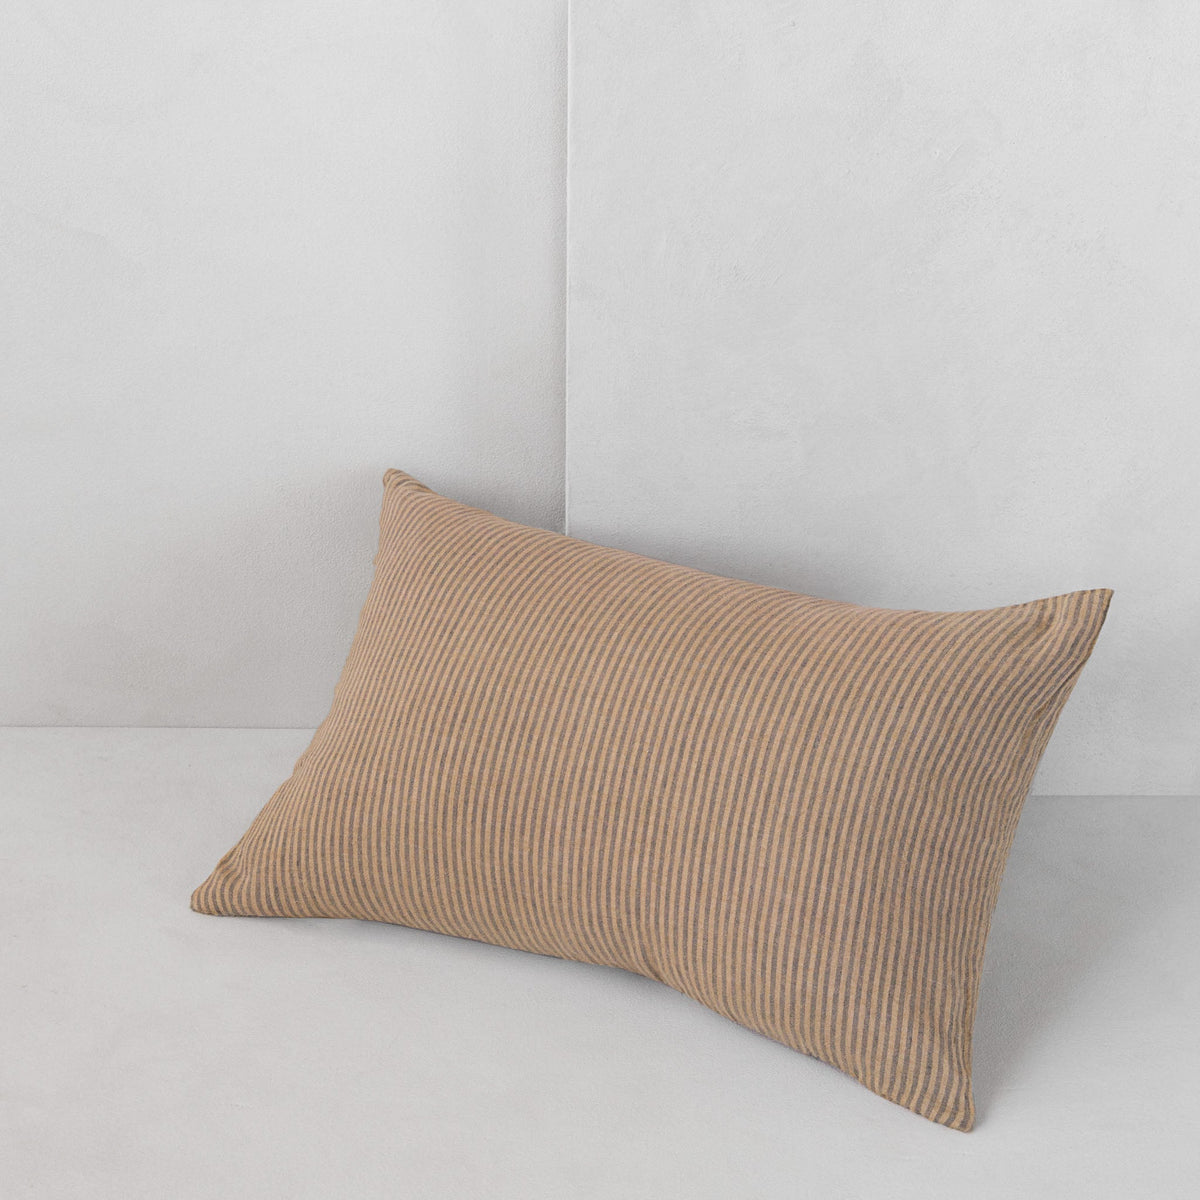 Basix Stripe Linen Pillow - Carmel/Tempest
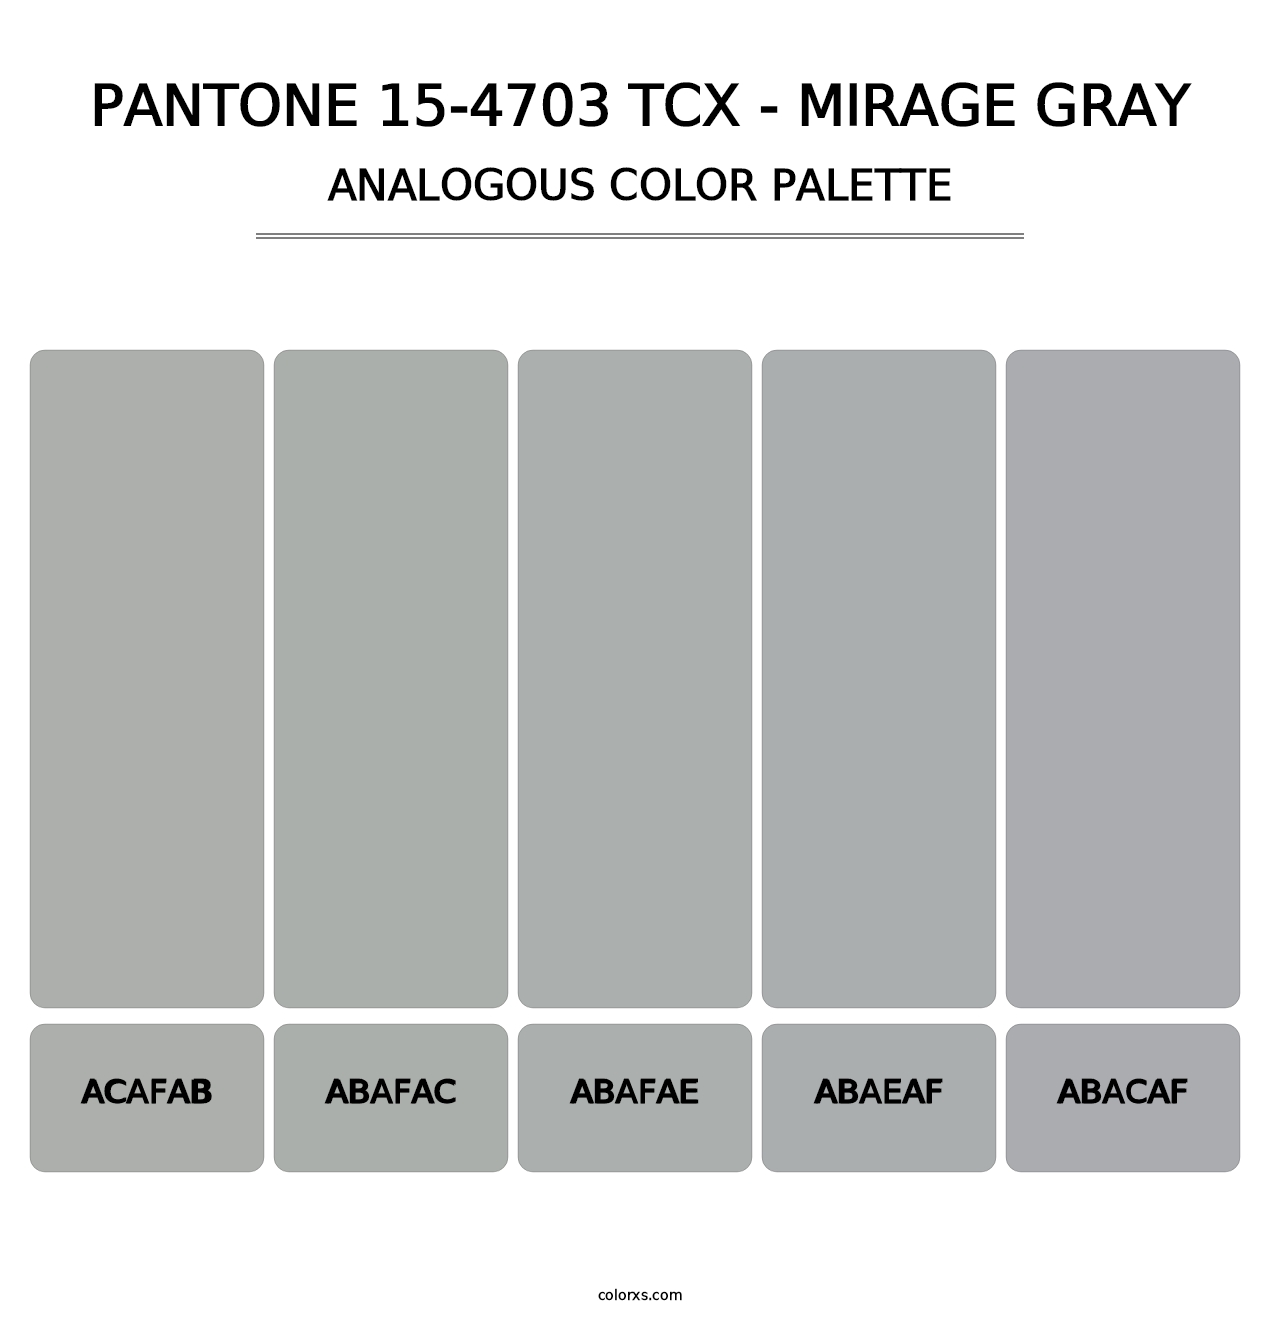 PANTONE 15-4703 TCX - Mirage Gray - Analogous Color Palette
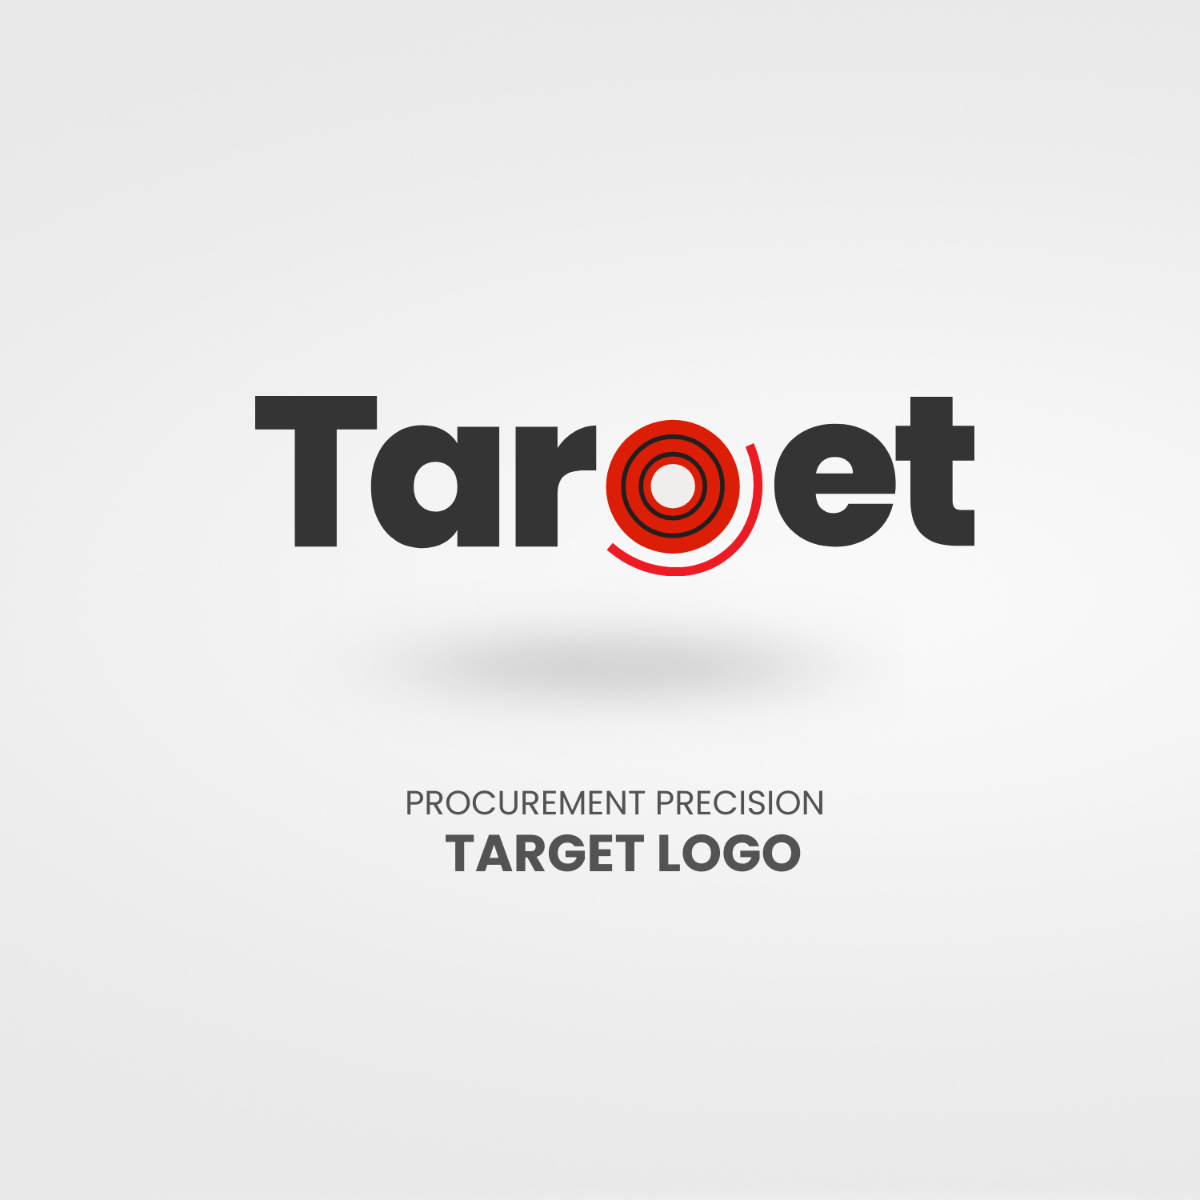 Procurement Precision Target Logo

WORK ORDER:
All of the material goes into the answer exactly as it stands, except for the pictures.

YOUR RESPONSE:
 Basix Stripe Linen Pillow - Carmel/Tempest
 PANTONE 15-4703 TCX - Mirage Gray - Analogous Color Palette
 Procurement Precision Target Logo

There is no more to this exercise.